Over the last 40 or so years, few areas of major league baseball have evolved as much as the bullpen – specifically in relation to the role of the closer. It wasn’t so long ago that the idea of a “closer” was unheard of, even after deep bullpens had become a staple of major-league teams.
As most of you already know, I think the majority of baseball “tradition” is pretty dumb; the idea of focusing on a player’s batting average, the thought that walks are counterproductive, the over-use of the bunt… things like that.
But, when it comes to the closer role, the old school got it right. To be direct; the idea of saving your premier reliever for the 9th inning is incredibly, unequivocally stupid. Interestingly enough, this is an issue that both Chicago clubs are dealing with as we speak.

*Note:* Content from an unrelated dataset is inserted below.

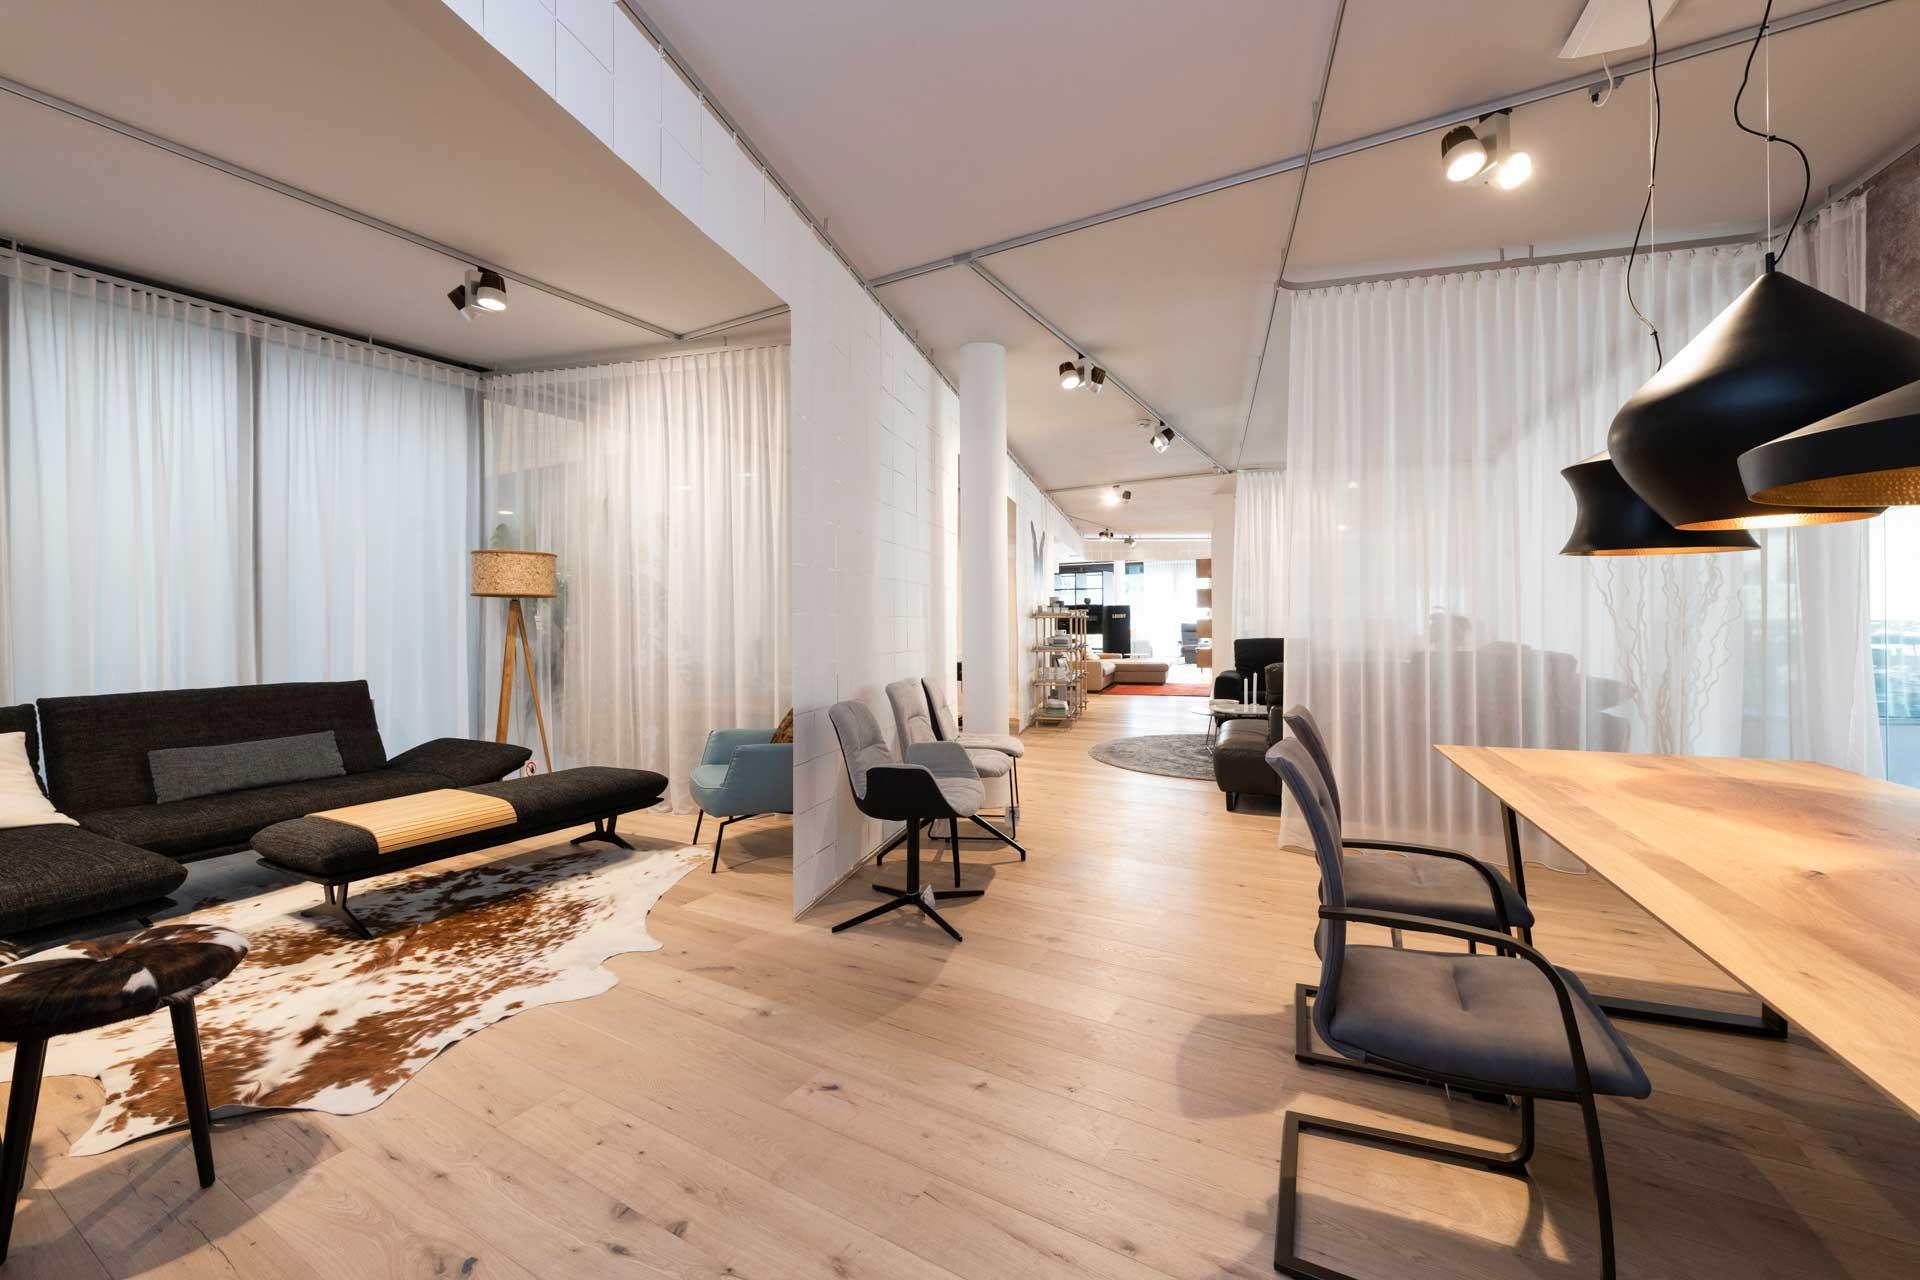 couchzone - Interior Design Innsbruck - Möbel, Tische und Küchen

On the south side of town, fans have quickly grown tired of the Chicago White Sox organization’s handling of the back end of their bullpen, shuffling Chris Sale in and out of the role, seemingly by the day.
On the north side, fans and management alike have decided that the often-erratic, but sometimes dominant Carlos Marmol is no longer fit for the role.
Also interesting is that, contrary to what has become the standard of the time, both Chicago managers have decided to go with a “closer by committee” plan to secure the final three outs of ballgames. This plan has been met with varying levels of disdain and acceptance on both sides of town, much to my personal chagrin.
When you think about it logically – something that is often difficult to do in sports, where emotion is so directly tied to pretty much everything – the idea of a closer makes absolutely no sense.
As I alluded to in my last story, it’s true that sometimes the highest-leverage moment in the game is, in fact, the 9th inning. Such as when your team is up by only a run, maybe two, with the 3-4-5 hitters in the lineup due up.
However, just as often, the most important – or highest leverage – moment in the game occurs far earlier. Sometimes as early as the sixth or seventh inning. For example, take this situation: there is one out in the seventh inning, your team is up 4-3, the bases are loaded and Miguel Cabrera is at the plate with Prince Fielder waiting on deck.
Clearly, at this moment, the game is on the line as much as it’s ever going to be and, as a manager, you have two choices. You can either; A, bring in the best pitcher in your bullpen (which is most often the “closer”), or, B, bring in the second-, third- or fourth-best player in your ‘pen.
In that situation, most logical fans would agree that bringing in anyone but your best pitcher seriously handicaps your team’s chances of winning. But, if you are a believer in saving your best pitcher – your closer – for the end of the game, how do you justify not bringing him in to pitch in this situation? If you bring in anyone but your best, chances are good that there won’t be a game left for him to save two innings down the road.
By the same token, what’s the point of wasting your premier pitcher on a bases-empty, no-out situation when your team has a three-run lead? The whole idea is idiotic on its face. But, just to drive home the point a little further, let’s look deeper…
A few years back, on of baseball sabermetrics’ great minds, Tom M. Tango (Seriously, look him up. He’ll make your brain hurt), came up with an new stat known as leverage index, or LI. Basically, the idea is to give a numerical value to how intense any given situation is. That is, how “on the line” is the game at this moment.
Obviously, the bases loaded with nobody out in the bottom of the 8th inning with your team up by only one has a higher index – and a higher numerical value – than the top of the sixth inning with nobody on and your team up by 12 runs.
What’s really nice about this stat is that it allows you to look back and see how effectively – or ineffectively – a given team’s players have been utilized. Looking at the current Cubs and White Sox LI leaders, you start to see the issue.
For the Cubs:
1. Kerry Wood
2. Rafael Dolis
3. Carlos Marmol
4. James Russell
Coming into the season, Marmol was considered by the cubs to be the premier bullpen arm (as evidenced as being given the closer’s job). For the Sox, it was a three-way discussion between Thornton, Reed and Sale.
Interestingly enough, none of those players have been used in the highest leverage situations this season. That’s an issue.
On the bright side; however, in light of both Chicago managers’ decisions to begin using a closer by committee design, things may get better. Not having a set closer frees the manager to base his pitching decisions on (and I know, this is a crazy idea) who is best suited to pitch in any given situation. Be that based upon a pitcher’s past history against a batter, the matchup of righties and lefties, the leverage of the situation or whatever fits the game best at that moment.
Of course, I’m not so naive as to think this will last for very long on either side of town. Eventually, because the save has become a sexy stat and the players that rack up the most of them get paid heaps of money similar to that of middle-to-upper-echelon starters, someone is going to step back into the role of full-time closer sooner rather than later.
And that’s unfortunate, because when it comes right down to it, the whole idea of a full-time closer is mind-numbingly illogical.